Courtney Allan
Technology

Are you at risk? Data sharing amongst health apps is more common than you think

Some of the sensitive information you might share with a doctor, including your age, sex, medical conditions and current symptoms, are being shared with popular health apps.

Although it’s easy to feel like these applications are helping you, a new study has found that the data that users input into these apps are being shared with third party entities.

The study, published in the British Medical Journal, has found that user data from health-related mobile apps on the Android platform is routine and not transparent at all.

The information that is put into these health apps can be shared with app developers, their parent companies and potentially dozens of third-party entities. Therefore, the information that you think is private ends up being distributed on a wide scale.

Lead author of the report, Dr Quinn Grundy, said that health apps are a “booming market”, but is one with many privacy failings. She told The ABC:

"I think many of us would expect that this kind of data should be treated differently," said Dr Grundy, an assistant professor at the University of Toronto.

"Unfortunately, our study shows that that's not the case. These apps behave in much the same way as your fitness app, weather app or music app."

Dr Grundy and colleagues at the University of Sydney examined 24 medicine related Android applications that are popular in Australia, North America and the United Kingdom. Some of these apps included ones that might remind you when to take a prescription.

The researchers found that 19 out of 24 apps shared data outside of the application to a total of 55 different entities, owned by 46 parent companies.

The information that was shared included users emails and device ID to medical conditions and drug lists.

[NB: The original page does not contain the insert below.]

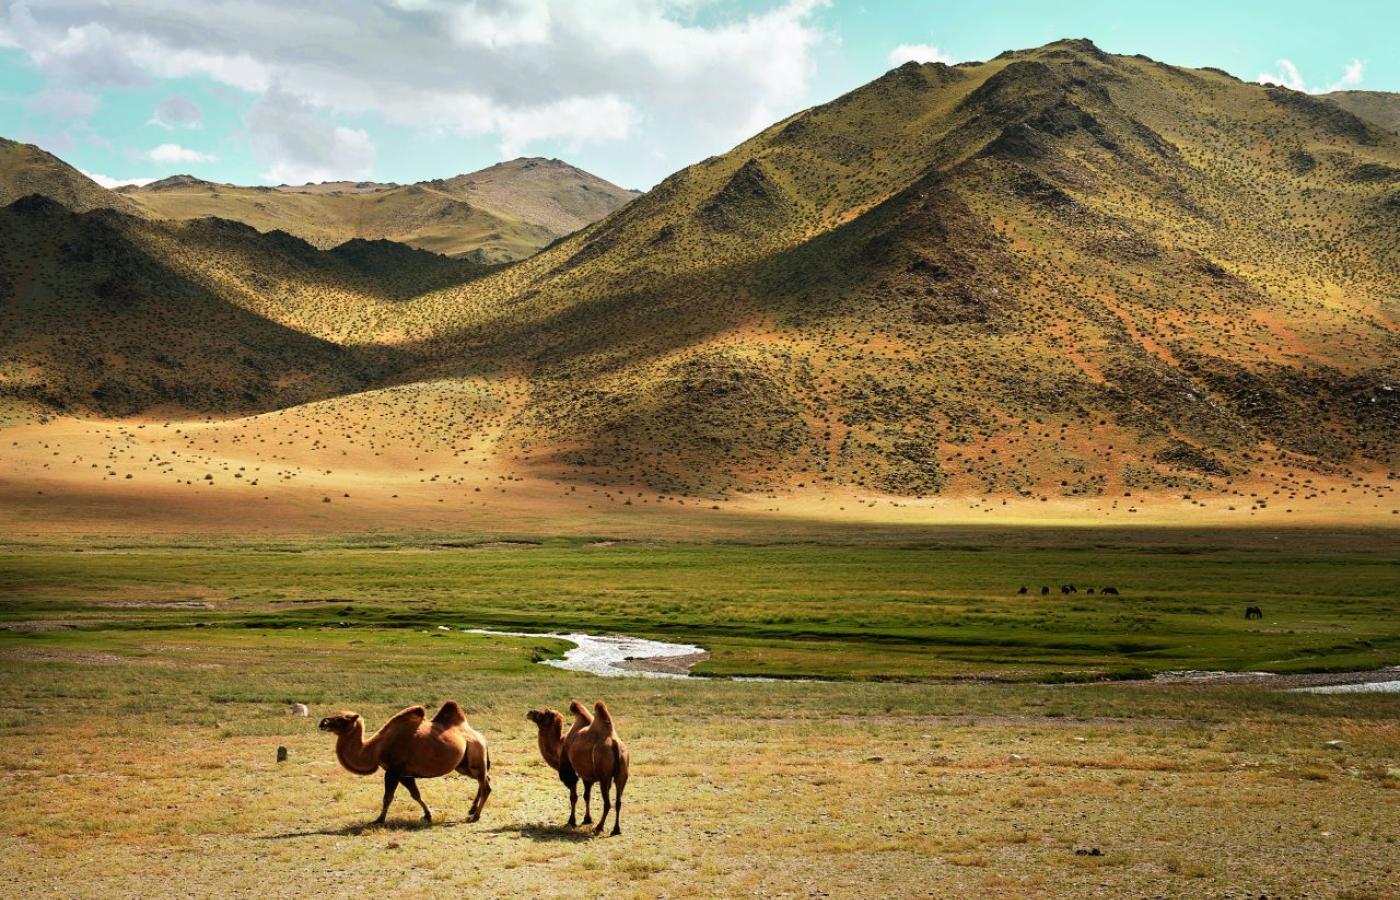  Mongolia. Dzikie wielbłądy dwugarbne spacerują leniwie koło szosy. Widok zapierający dech w piersiach. (Fot. Karolina Jonderko)

The researchers discovered that Amazon and Alphabet, the parent company of Google, received the highest volume of user data. This was closely followed by Microsoft.

Dr Grundy explained that whilst most apps have a privacy policy and said that the data was stripped of identifying information, they described what was collected and shared in very general terms.

"They wouldn't name specific third parties or why data was shared with them. But would say, 'we never sell your data, but we may shared anonymised, aggregated reports with third parties for legitimate business purposes'," she explained.

Peter Hannay, an adjunct lecturer and security researcher at Edith Cowan University has offered a solution.

"It's not a matter of 'swap to a different app'," he said.

"It would be a matter of just not using those sorts of services at all."

However, if you do want to use these services, he has some advice for that as well.

"If the application is reminding you to take medication, I would try to find one that doesn't require permission to connect to the internet," he said.

"If it's able to work offline, that's something I would consider to be desirable."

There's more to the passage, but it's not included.